Прогулка как прогулка, мы ходим по улицам, заглядываем в лавки и прицениваемся к различным товарам. После этого пообедали в трактире и собрались вернуться на постоялый двор. Но, проходя через городскую площадь, обнаружили нечто необычное. На помосте в центре площади, с которого обычно к своим землякам с объявлениями обращался городской голова, стоял высокий крупный мужчина, одетый в чёрную длинную рясу, какую носят православные священники. Вокруг него собирался местный народ, уже человек пятьсот набежало. А он, поднимая перед собой большой золотой крест, который висел на его толстой шее, целовал его, потрясал им в воздухе и что-то объяснял горожанам.
– Подойдём? – спросила подруга.
– Давай, – согласился я. – Может, что-то интересное узнаем.
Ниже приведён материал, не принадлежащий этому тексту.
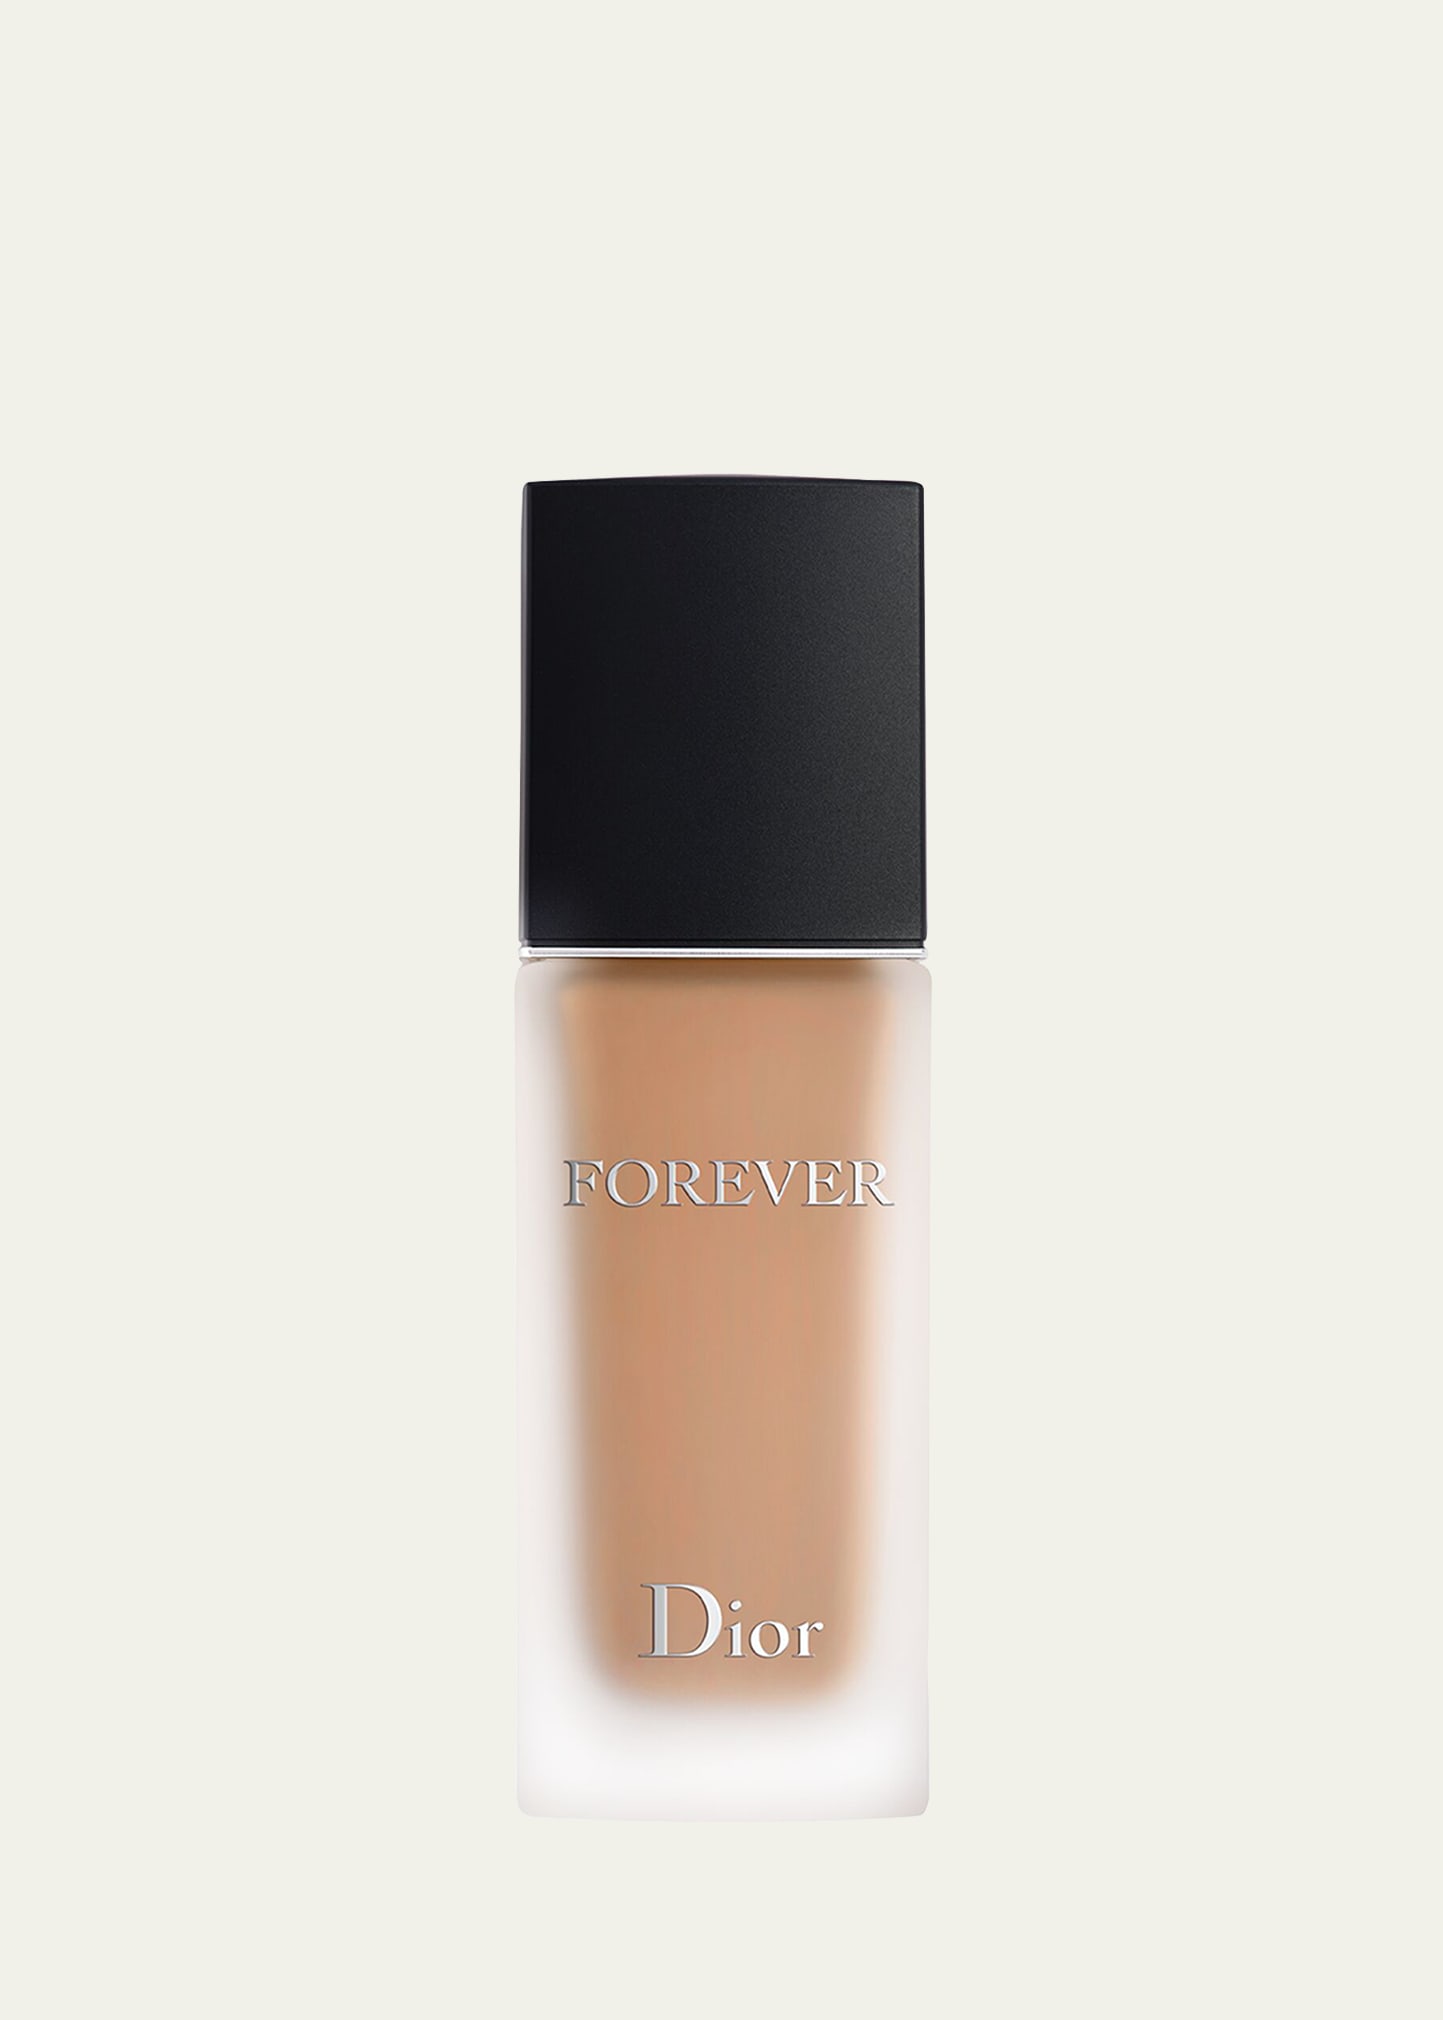 Dior 1 Oz. Forever Matte Skincare Foundation Spf 15 In 4.5 Neutral
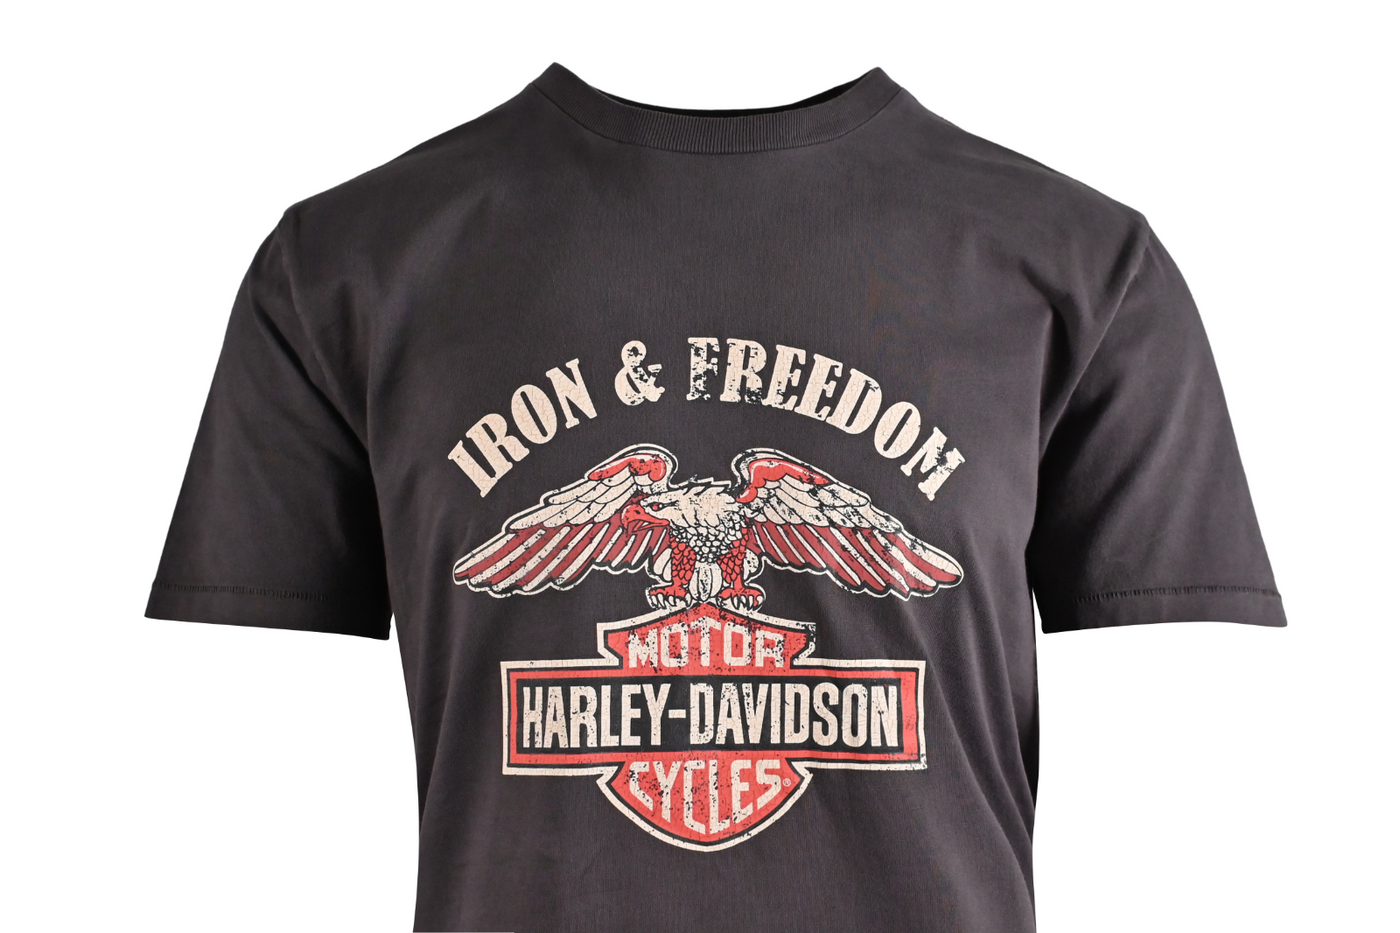 Harley-Davidson Men's T-Shirt Black Iron & Freedom Short Sleeve (S53)

Расталкивая толпу, мы пробились к самому помосту и прислушались к тому, о чём здесь шла речь.
– Отец Ювеналий! – выкрикнул из толпы несколько истеричный мужской голос. – Не томи! Прочитай послание патриарха! Всем миром просим!
Священник оглядел людей, которые спокойно стояли вокруг и ни о чём его не просили, опустил свой крест и из-за пазухи достал внушительный свиток с красной сургучной печатью. Не торопясь, держась очень важно и с достоинством, он раскатал его, втянул в себя воздух и начал читать:
– «Вольному люду города Новграда-на-Оке и всех окрестных земель.
Братья и сёстры! Все, кто верит в Господа Бога нашего Иисуса Христа! Взываю к вам о помощи в великом деянии и зову вас на подвиг!
От верных людей, пришедших с далёкой Кубани, Святой матери церкви стало известно, что в городе Харькове и областях, окружающих этот некогда славный град, появились и размножились богомерзкие еретики, верующие в то, что проклятый Князь Тьмы Люцифер есть истинный Бог и Господин людей. Они утверждают, что именно он наслал на заблудшие народы, погрязшие во грехе, чуму, которая изничтожила большую часть разумных людей. Они вершат богомерзкие обряды, бессчётно губят выживших, глумятся над христианскими святынями и плюют на веру в нашего Спасителя. Святая матерь церковь и лично я, патриарх Всероссийский Константин, скорбим о погибших и заявляем, что не можем терпеть подобного сатанинского объединения верующих в Князя Тьмы заблудших овец, помогающих ему вернуться из глубин ада на нашу грешную и многострадальную землю.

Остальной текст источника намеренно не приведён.